13日、大阪市内で行われた阪急阪神HDの株主総会【拡大】

 中田翔や中村剛也らFA砲の獲得方針があるとすれば、巨額資金の最終決済は誰がするのでしょうか。阪急阪神HDの株主総会が13日に行われ、「阪急」の統治がいよいよ鮮明になりました。「阪神タイガース」も阪急阪神HDのエンタテイメント・コミュニケーション事業部門の子会社です。今後の球団人事や編成計画などにも「阪急首脳」の意向が色濃く出てきますね。監督人事や巨額資金の必要な補強などは「阪神」だけの決済では前に進まなくなる可能性が極めて高いですね。

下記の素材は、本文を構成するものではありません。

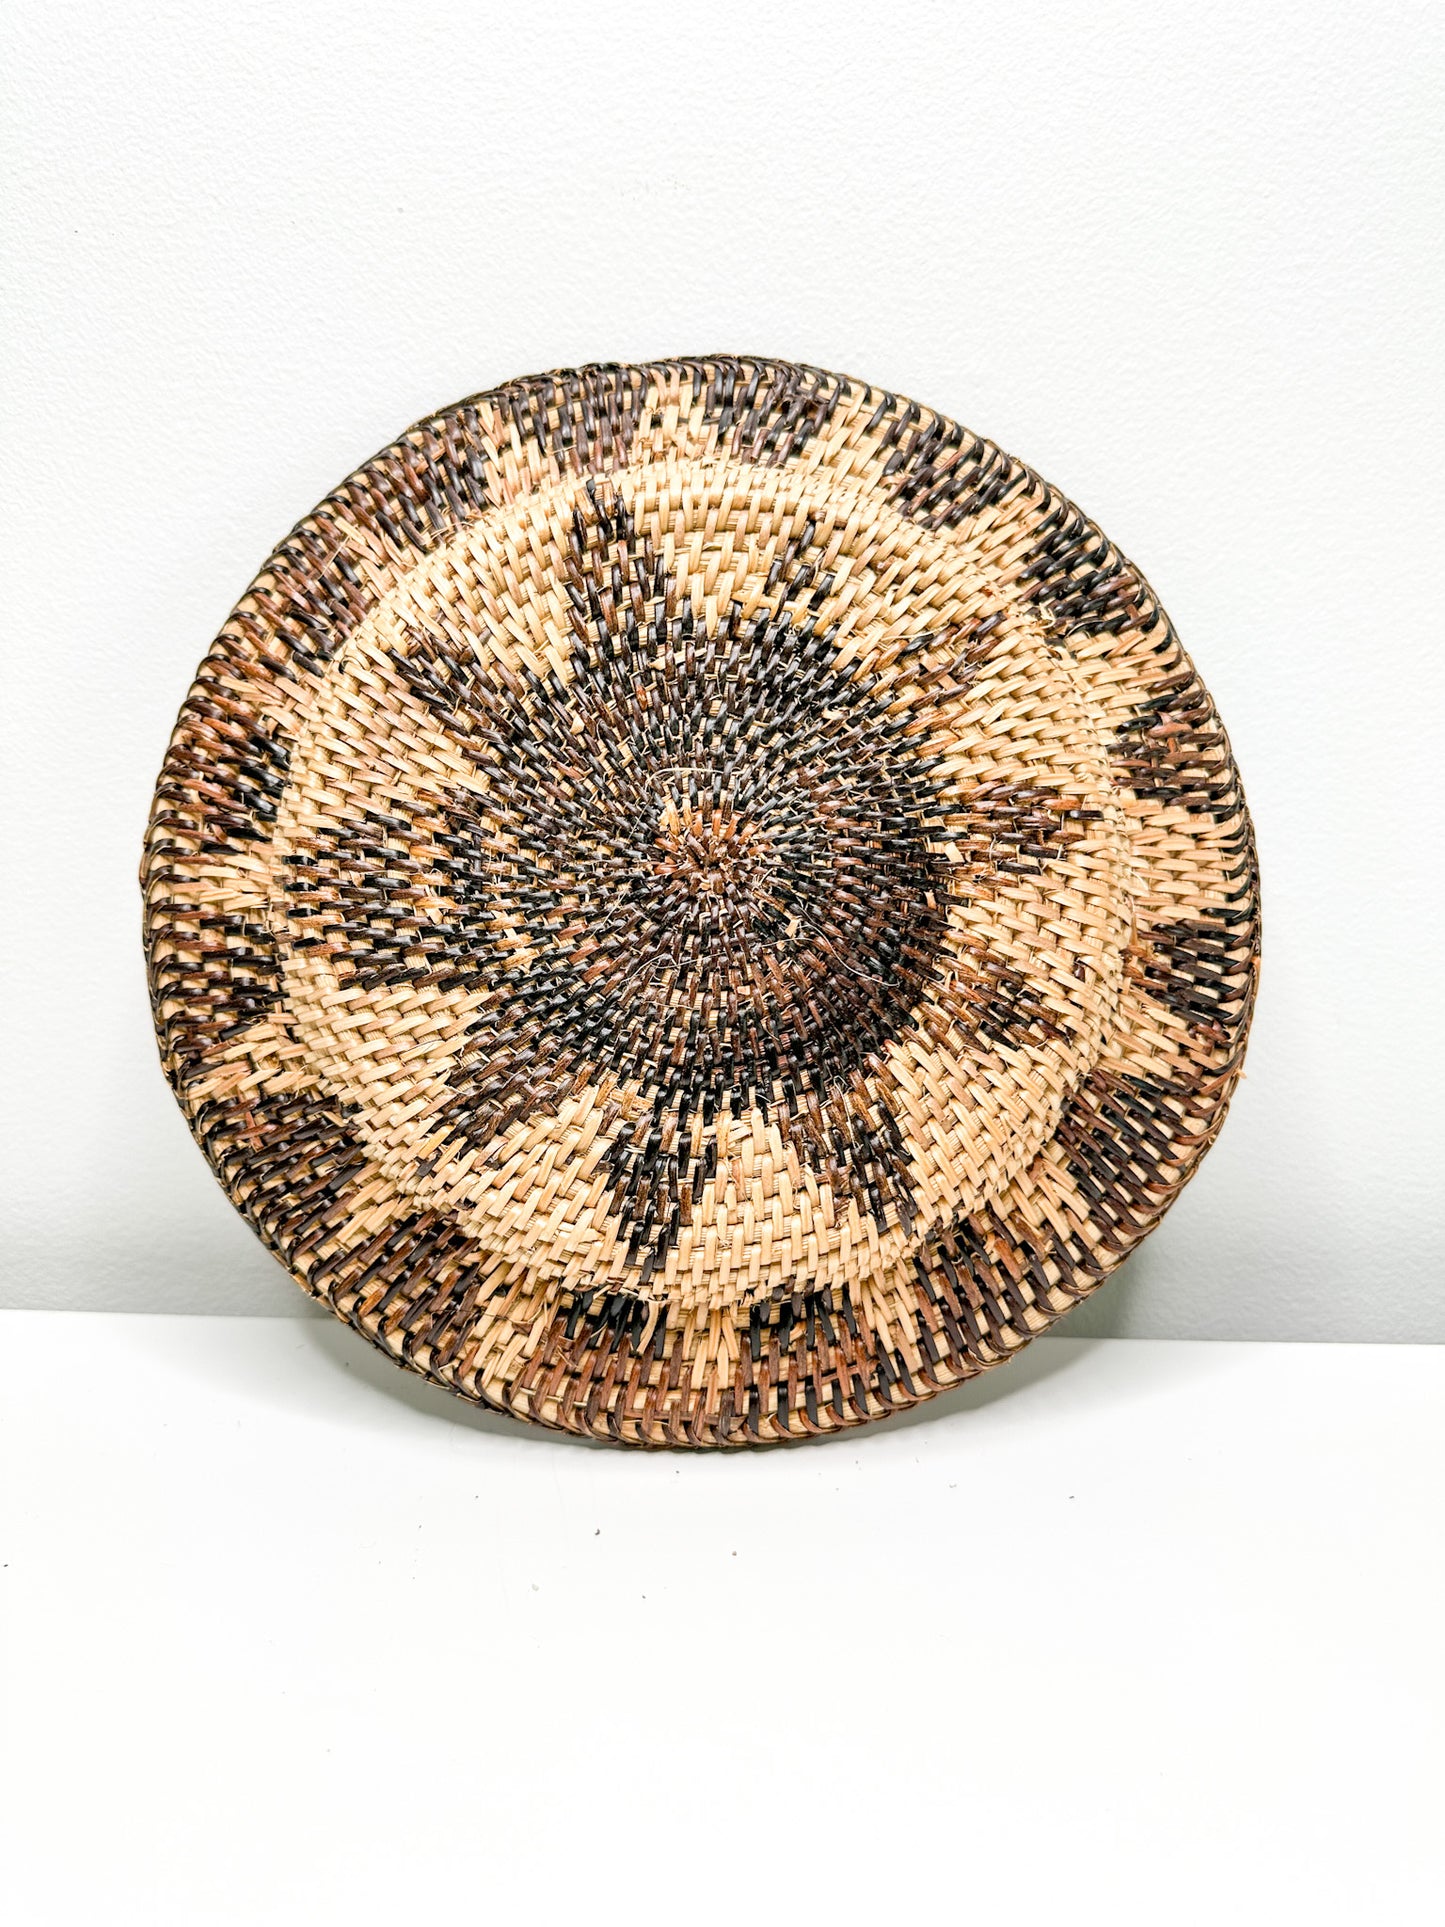 Wicker plate| Vintage Wicker Plate with a swirl flower pattern.

 30年以上も「阪神タイガース」を取材した者にとっては、なんとも複雑で寂しさが込み上げてきます。タイガースが「阪神」ではなく、「阪急阪神HDタイガース」になっていく。もっと言えば実質は「阪急タイガース」…。そんな思いで13日に行われた阪急阪神HDの株主総会の様子を聞いていました。

 「久万さん(元オーナー=故人)が生きていたら泣いているんじゃないか。阪神が実際、阪急にすべてのみ込まれた。こうなることは10年前に決まっていたことだけど、実際に目の辺りにすると悲しいですね」と話すと、ある球団関係者はこう返してきました。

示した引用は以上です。